### Records to process
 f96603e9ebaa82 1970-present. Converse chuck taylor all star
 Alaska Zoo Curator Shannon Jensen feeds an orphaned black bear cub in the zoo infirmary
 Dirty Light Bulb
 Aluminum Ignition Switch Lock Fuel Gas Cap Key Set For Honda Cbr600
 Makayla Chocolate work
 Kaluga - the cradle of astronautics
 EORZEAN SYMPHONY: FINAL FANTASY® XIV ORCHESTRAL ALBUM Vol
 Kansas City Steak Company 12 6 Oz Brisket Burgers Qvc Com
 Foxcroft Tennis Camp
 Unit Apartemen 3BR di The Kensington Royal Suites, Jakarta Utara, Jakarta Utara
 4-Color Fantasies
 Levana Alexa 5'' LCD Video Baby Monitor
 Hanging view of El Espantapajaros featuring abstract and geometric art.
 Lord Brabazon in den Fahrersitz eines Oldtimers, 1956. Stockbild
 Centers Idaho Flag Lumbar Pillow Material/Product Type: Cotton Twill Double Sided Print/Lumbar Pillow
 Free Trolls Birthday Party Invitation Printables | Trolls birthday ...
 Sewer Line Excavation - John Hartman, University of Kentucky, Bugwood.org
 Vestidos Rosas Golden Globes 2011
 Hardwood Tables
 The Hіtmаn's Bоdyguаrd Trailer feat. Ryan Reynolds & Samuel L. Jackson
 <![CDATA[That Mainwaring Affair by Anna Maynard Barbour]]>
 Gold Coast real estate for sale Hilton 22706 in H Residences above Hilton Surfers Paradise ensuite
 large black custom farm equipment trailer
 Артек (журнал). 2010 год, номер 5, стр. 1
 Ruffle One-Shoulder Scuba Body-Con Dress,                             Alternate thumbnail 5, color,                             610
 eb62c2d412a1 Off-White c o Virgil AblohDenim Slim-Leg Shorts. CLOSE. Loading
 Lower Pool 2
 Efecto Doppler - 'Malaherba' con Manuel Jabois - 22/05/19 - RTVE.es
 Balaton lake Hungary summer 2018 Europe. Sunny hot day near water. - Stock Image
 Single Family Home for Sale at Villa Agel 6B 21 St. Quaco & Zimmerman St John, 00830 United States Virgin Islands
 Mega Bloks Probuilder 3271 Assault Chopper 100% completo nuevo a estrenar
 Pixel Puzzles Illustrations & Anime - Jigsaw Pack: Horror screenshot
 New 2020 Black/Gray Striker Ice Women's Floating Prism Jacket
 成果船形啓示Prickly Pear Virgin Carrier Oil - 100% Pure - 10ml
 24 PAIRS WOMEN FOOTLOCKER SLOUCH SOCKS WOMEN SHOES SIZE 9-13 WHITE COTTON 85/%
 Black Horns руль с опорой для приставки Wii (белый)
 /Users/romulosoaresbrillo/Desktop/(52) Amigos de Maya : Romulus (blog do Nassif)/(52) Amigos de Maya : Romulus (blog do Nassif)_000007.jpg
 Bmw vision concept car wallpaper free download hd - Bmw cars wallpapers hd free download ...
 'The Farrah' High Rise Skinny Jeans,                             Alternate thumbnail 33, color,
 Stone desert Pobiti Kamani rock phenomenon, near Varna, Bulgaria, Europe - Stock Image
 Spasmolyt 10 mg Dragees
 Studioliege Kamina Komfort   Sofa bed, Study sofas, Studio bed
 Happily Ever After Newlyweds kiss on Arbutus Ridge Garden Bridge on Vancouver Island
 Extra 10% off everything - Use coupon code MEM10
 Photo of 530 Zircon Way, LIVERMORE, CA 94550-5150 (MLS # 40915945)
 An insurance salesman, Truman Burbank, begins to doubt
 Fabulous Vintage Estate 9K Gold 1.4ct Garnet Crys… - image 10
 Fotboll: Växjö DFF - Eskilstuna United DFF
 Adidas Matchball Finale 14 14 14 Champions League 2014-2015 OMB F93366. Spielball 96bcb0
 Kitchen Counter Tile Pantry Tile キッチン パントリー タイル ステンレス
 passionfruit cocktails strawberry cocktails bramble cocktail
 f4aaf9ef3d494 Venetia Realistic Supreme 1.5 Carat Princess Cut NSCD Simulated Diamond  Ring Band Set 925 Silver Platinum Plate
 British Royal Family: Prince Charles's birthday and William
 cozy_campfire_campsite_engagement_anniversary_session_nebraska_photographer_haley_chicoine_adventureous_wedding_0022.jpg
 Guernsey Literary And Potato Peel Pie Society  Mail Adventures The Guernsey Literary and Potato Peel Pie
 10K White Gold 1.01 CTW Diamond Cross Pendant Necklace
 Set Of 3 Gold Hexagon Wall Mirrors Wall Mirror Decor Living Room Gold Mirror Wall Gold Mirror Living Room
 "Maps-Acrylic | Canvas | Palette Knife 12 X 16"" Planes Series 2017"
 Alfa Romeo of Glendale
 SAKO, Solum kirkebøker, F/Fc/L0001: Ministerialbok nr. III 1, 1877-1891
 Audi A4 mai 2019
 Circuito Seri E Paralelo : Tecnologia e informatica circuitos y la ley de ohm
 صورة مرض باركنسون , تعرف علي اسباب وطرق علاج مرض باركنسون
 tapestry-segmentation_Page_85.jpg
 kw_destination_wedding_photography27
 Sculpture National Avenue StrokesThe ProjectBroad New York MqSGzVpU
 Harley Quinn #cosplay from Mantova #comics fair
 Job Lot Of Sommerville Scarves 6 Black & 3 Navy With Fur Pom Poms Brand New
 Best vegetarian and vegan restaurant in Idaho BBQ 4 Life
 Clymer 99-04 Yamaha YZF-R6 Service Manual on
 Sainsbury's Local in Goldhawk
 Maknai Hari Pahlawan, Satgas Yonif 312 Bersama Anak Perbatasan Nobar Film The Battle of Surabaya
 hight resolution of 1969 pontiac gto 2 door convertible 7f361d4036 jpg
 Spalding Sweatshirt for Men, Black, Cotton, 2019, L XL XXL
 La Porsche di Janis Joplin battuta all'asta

### Task requirements
Sift the data above for lines with "Royal", then copy each one.

### Output below
 Unit Apartemen 3BR di The Kensington Royal Suites, Jakarta Utara, Jakarta Utara
 British Royal Family: Prince Charles's birthday and William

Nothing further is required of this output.